Police detained Fang in April 2011 after the civil servant used his microblog to post scatological comments criticizing then Chongqing Party Secretary Bo Xilai and police chief Wang Lijun. Police initially decided to reprimand Fang with 10 days of administrative detention but, on the same day, reneged and issued a decision of one year of RTL. By the time Fang was released, both Bo and Wang were under investigation (following Wang’s defection to the US consulate in Chengdu), and Gong Hanzhou, another Chongqing citizen put in RTL for similar allegations of disorderly Internet conduct, had won his first administrative lawsuit.

Fang and his lawyers sued the Chongqing RTL management committee two weeks after Fang’s release, arguing that the regulations authorizing RTL were not properly enacted by the legislature and, as they conflict with state laws, should be invalidated. As a secondary challenge, they argued that even if the legal basis for his RTL was deemed valid, Fang’s comments did not meet the conditions for punishment.

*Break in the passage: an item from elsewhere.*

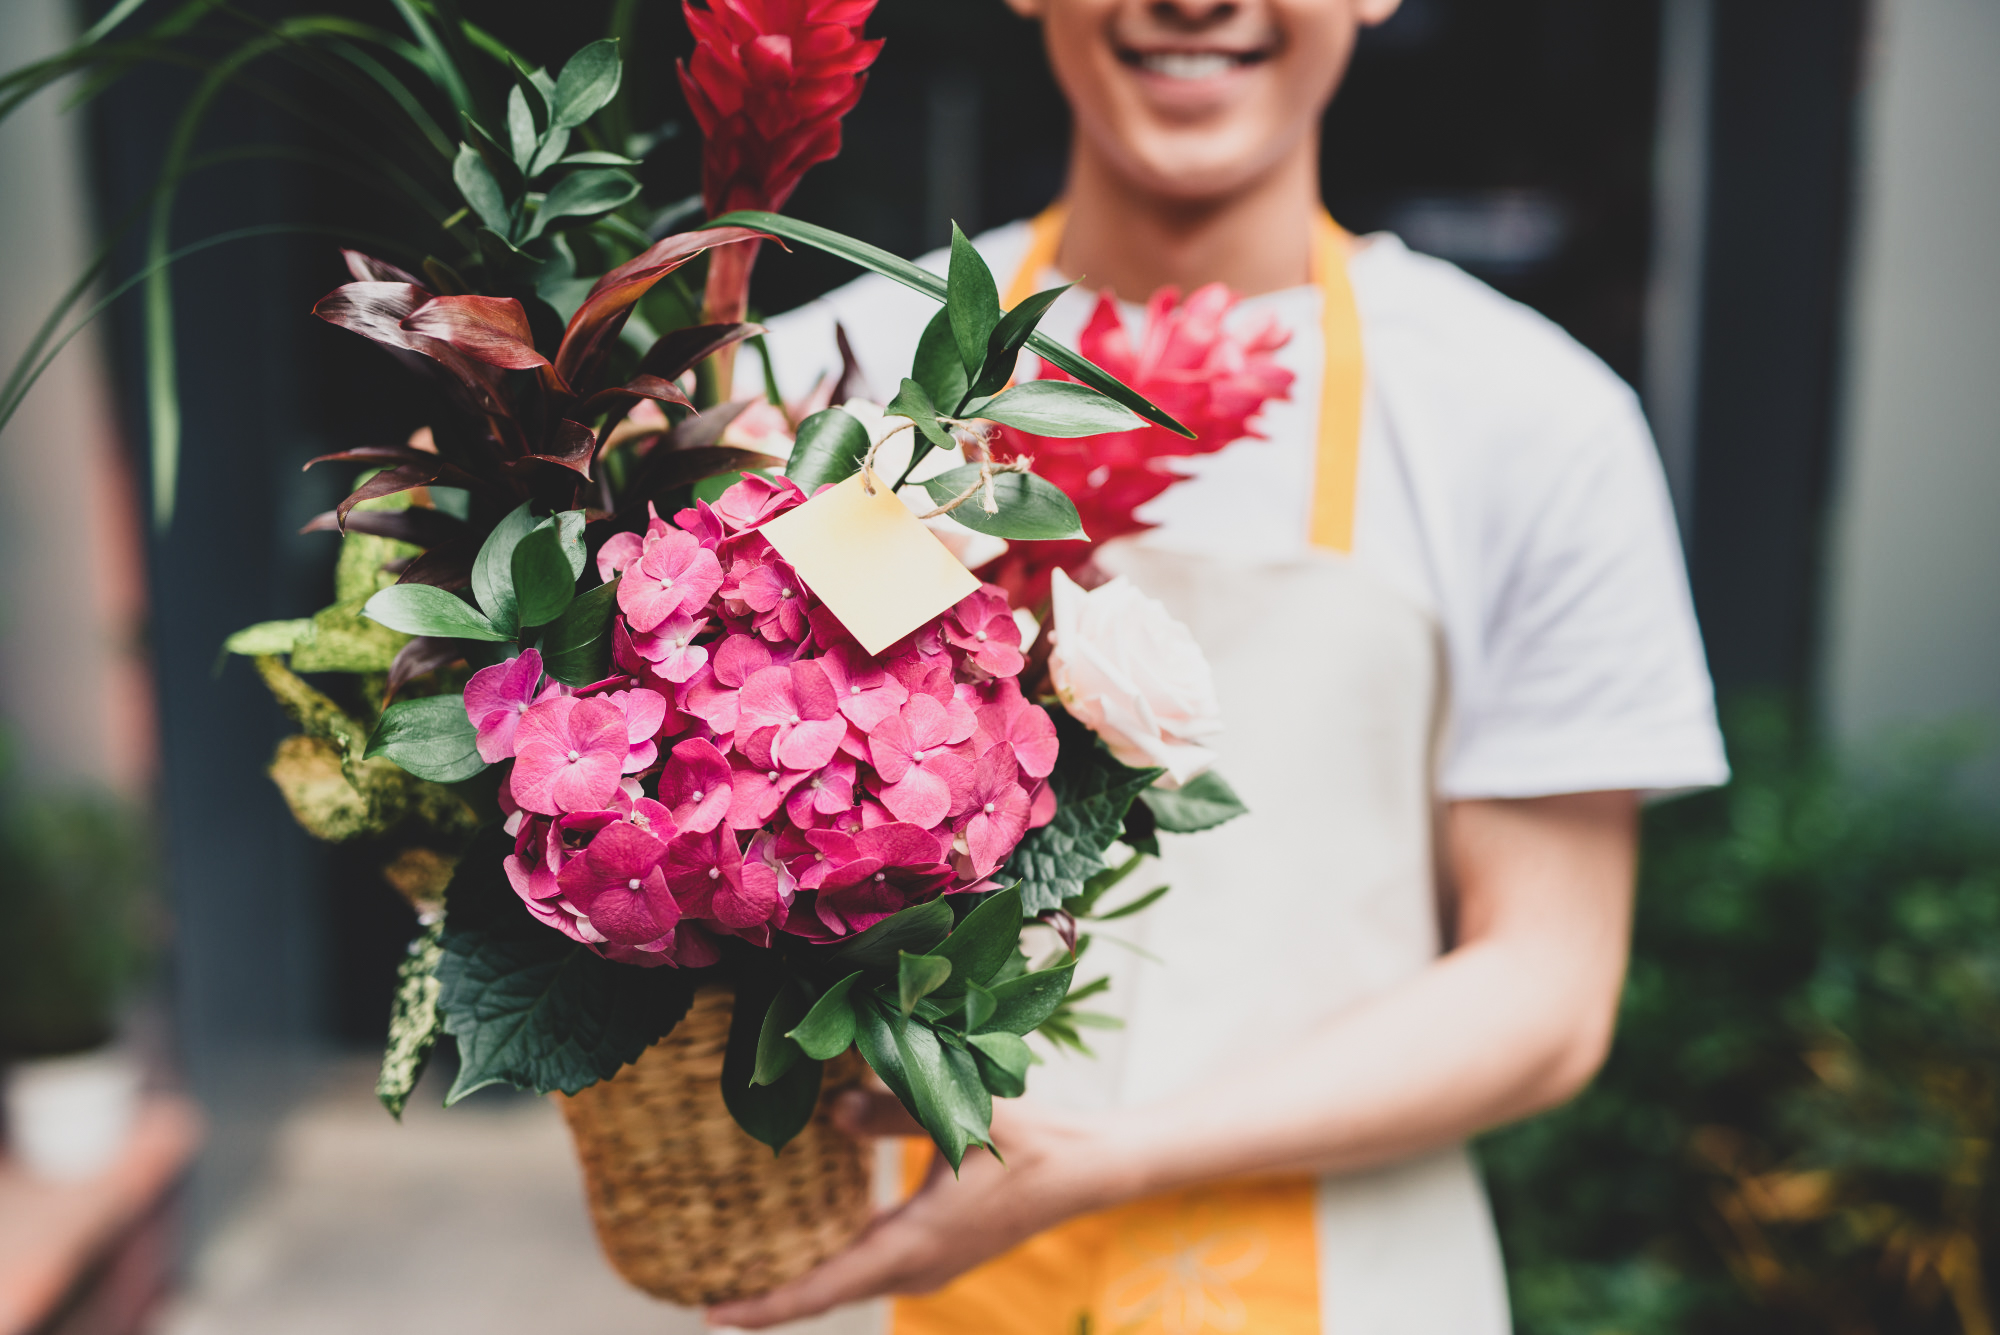 How To Keep Flowers Fresh Until Delivery 4 Tips For Florists

The court largely avoided the first challenge, saying only that, if Fang believed the RTL provisions to be in conflict with other law, he could seek legislative review through the proper channels. (Left unstated is the fact that, in practice, the channels for seeking this type of legislative interpretation are virtually closed.) Given that Chinese courts are principally authorized to apply laws in specific cases rather than issue general rulings about whether statutes conflict with the law or the constitution, this is perhaps unsurprising.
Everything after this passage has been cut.